“Might I ask what you will be telling General Schellenberg about this meeting?” With one hand tucked into the pocket of his Savile Row suit, he was clinking a bunch of keys nervously.

“I will tell him what the Reichsminister himself has told me,” said Moyzisch. “That this is disinformation. A crude trick perpetrated by British intelligence.”

“Exactly,” von Ribbentrop said, as if agreeing with an opinion Moyzisch had first voiced himself. “Tell Schellenberg he’s wasting his money. To act on this information would be folly. Don’t you agree?”

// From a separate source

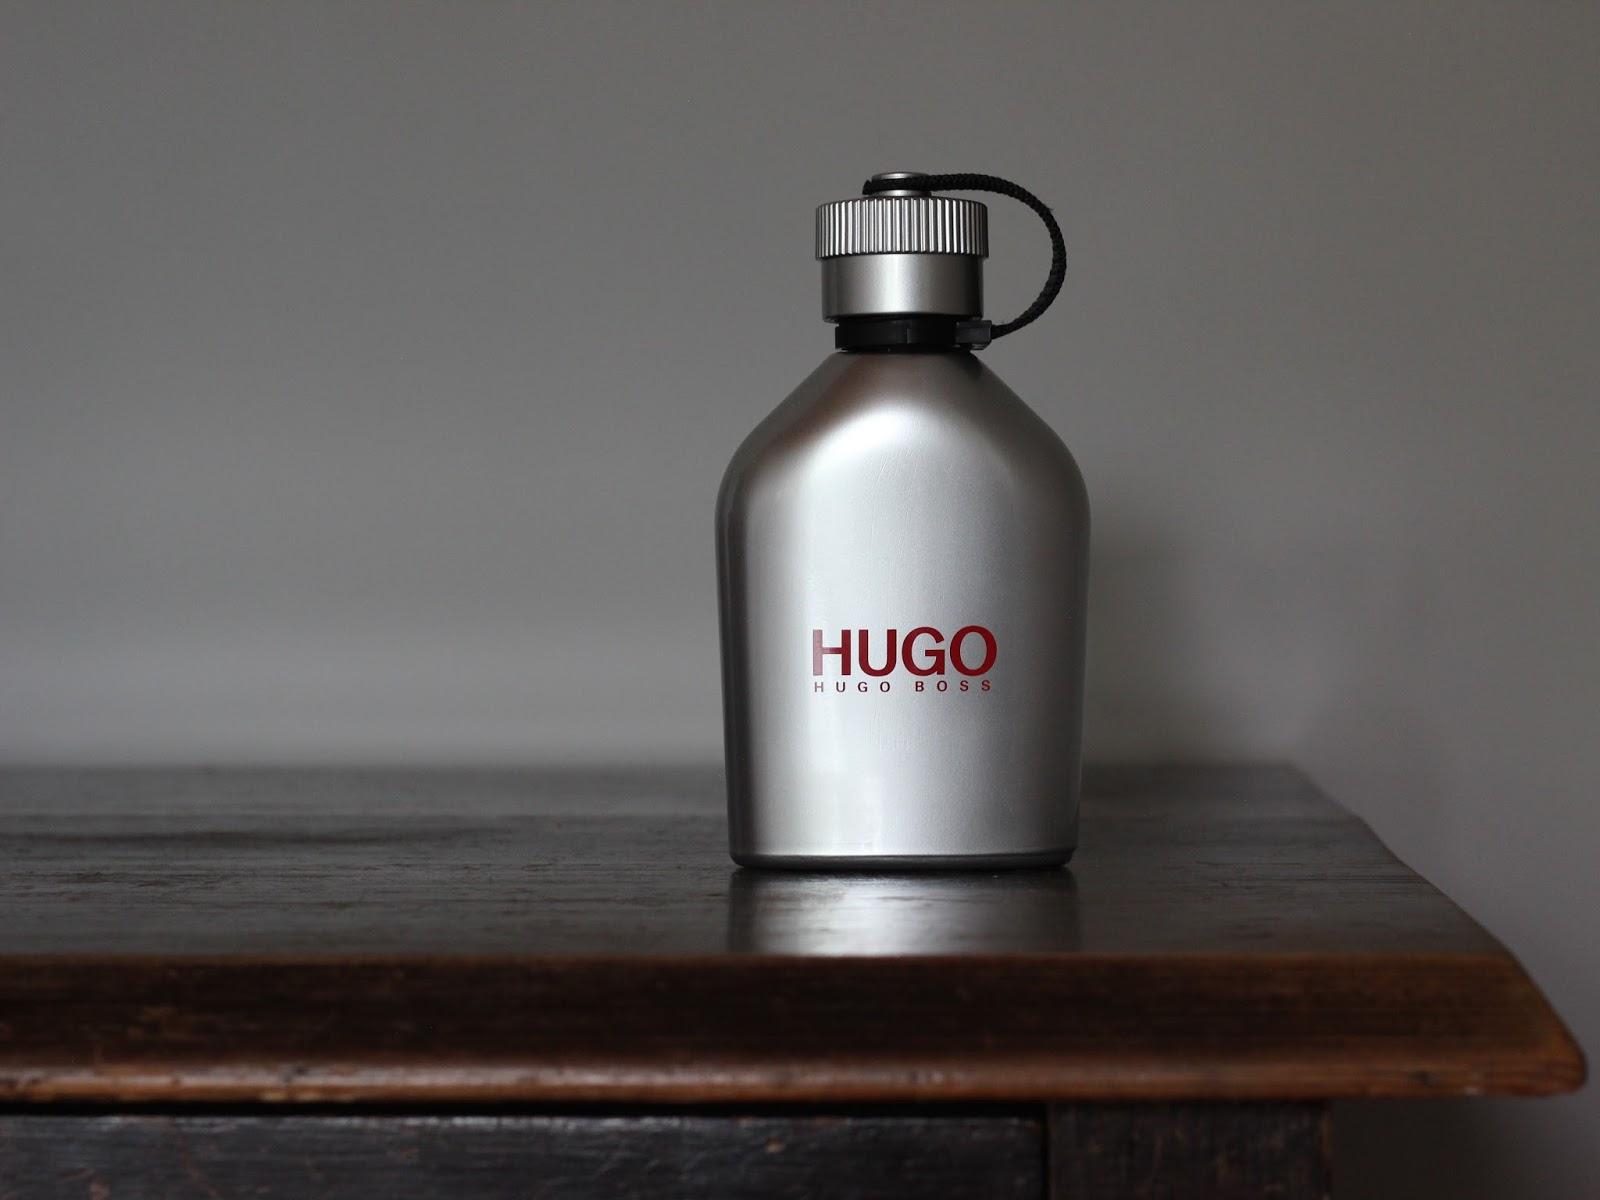 HUGO BOSS ICED Herrenduft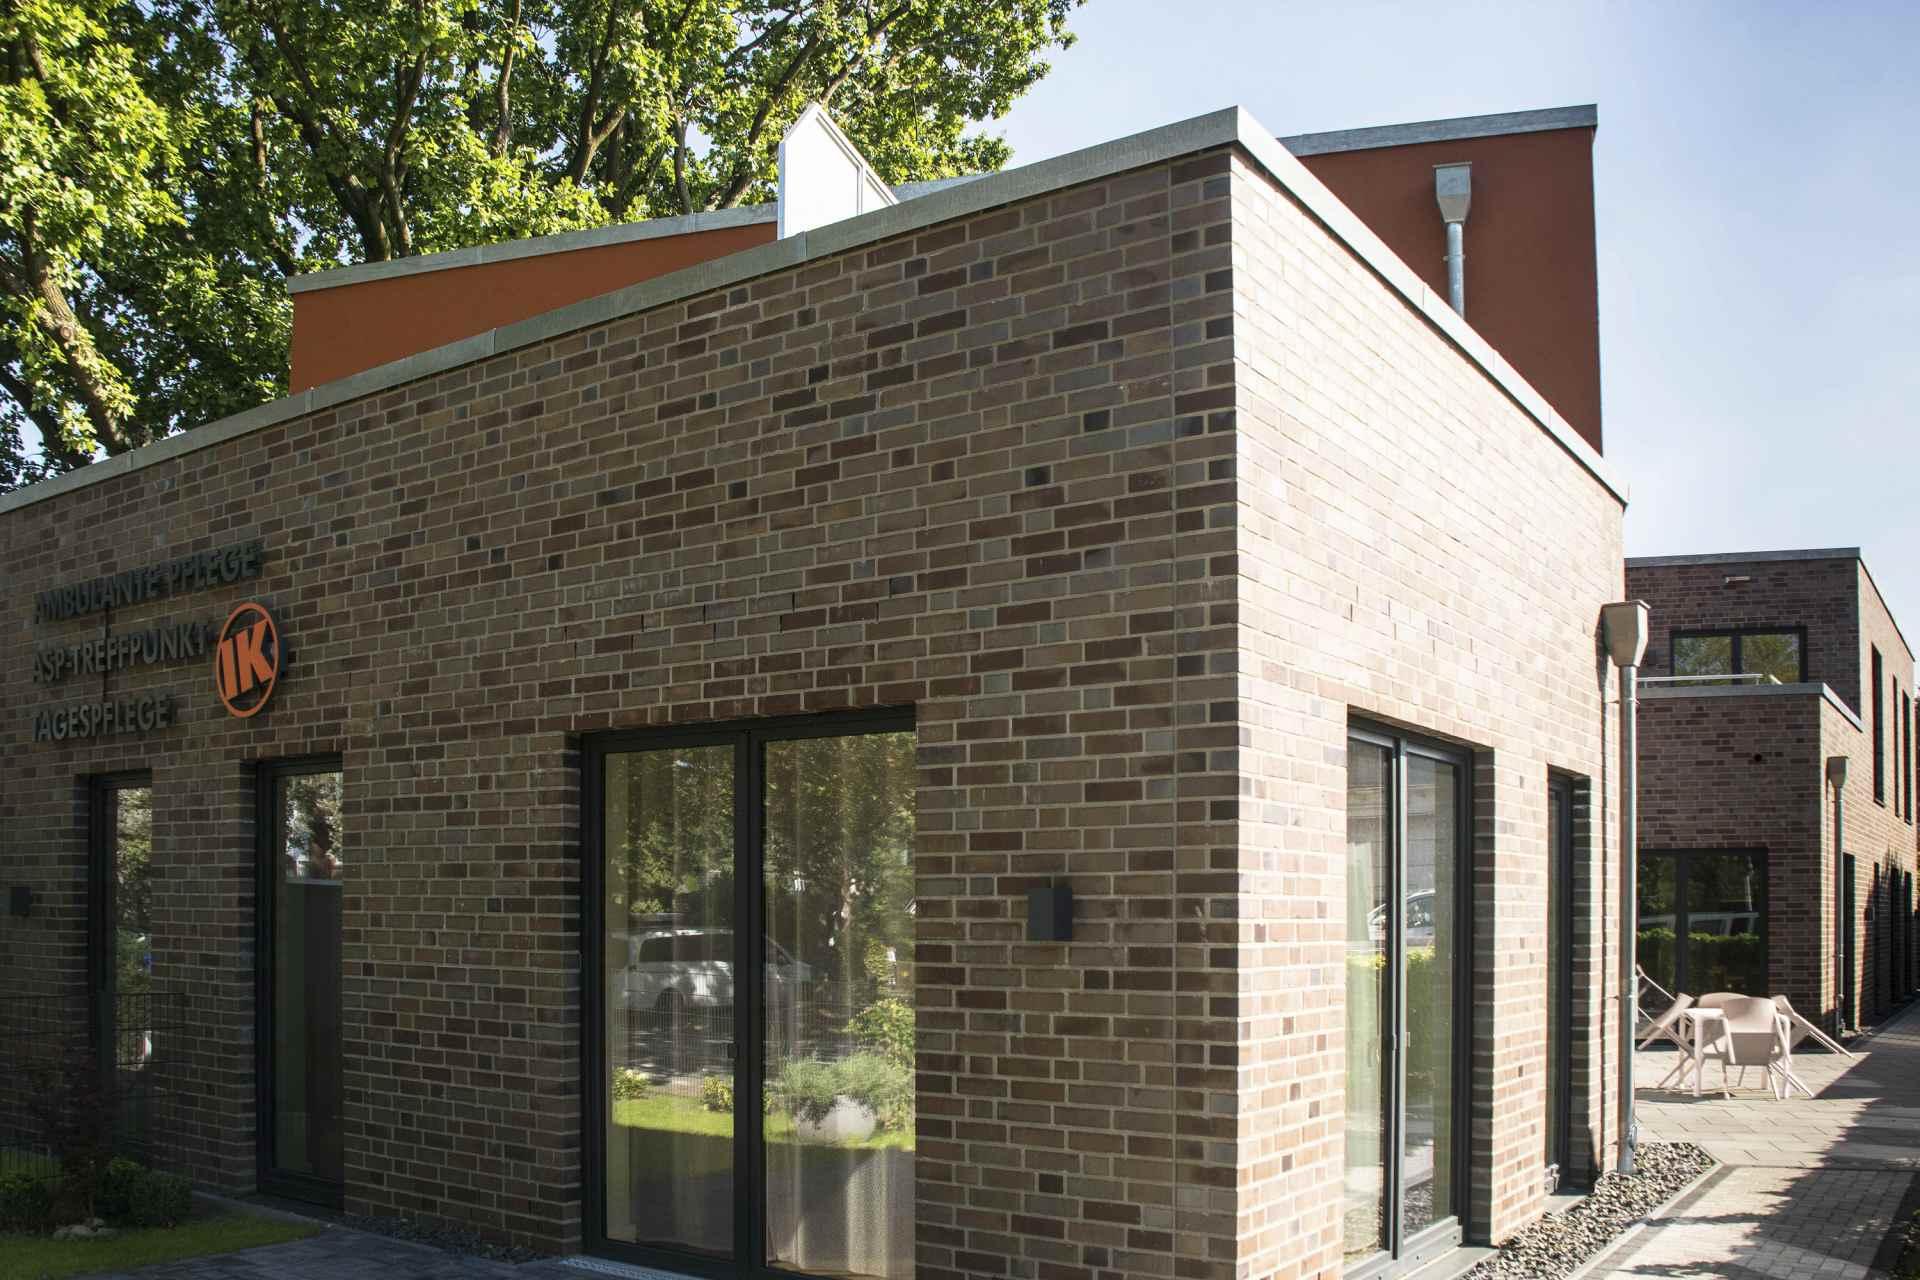 FAB (Wohnbauten + Sozial- und Sonderbauten) Interkulturelle Tagespflege

“Unquestionably, Herr Reichsminister.”

“Have a safe trip back to Turkey, Herr Moyzisch.” And, turning to Linkus, he said, “Show Herr Moyzisch out and then tell Fritz to bring the car around to the front door. We leave for the railway station in five minutes.”

Von Ribbentrop closed the door and returned to the Biedermeier table, where he gathered up Cicero’s photographs and placed them carefully in his saddle-leather briefcase. He thought Moyzsich was almost certainly right, that the documents were perfectly genuine, but he had no wish to lend any support to them in Schellenberg’s eyes, lest the SD general be prompted to try to take advantage of this new and important information with some stupid, theatrical military stunt. The last thing he wanted was the SD pulling off another “special mission” like the one a month before, when Otto Skorzeny and a team of 108 SS men had parachuted onto a mountaintop in Abruzzi and rescued Mussolini from the traitorous Badoglio faction that had tried to surrender Italy to the Allies. Rescuing Mussolini was one thing; but knowing what to do with him afterward was quite another. It fell to him to deal with the problem. Installing Il Duce in the city-state Republic of Salo, on Lake Garda, had been one of the more pointless diplomatic endeavors of his career. If anyone had bothered to ask him, he would have left Mussolini in Abruzzi to face an Allied court-martial.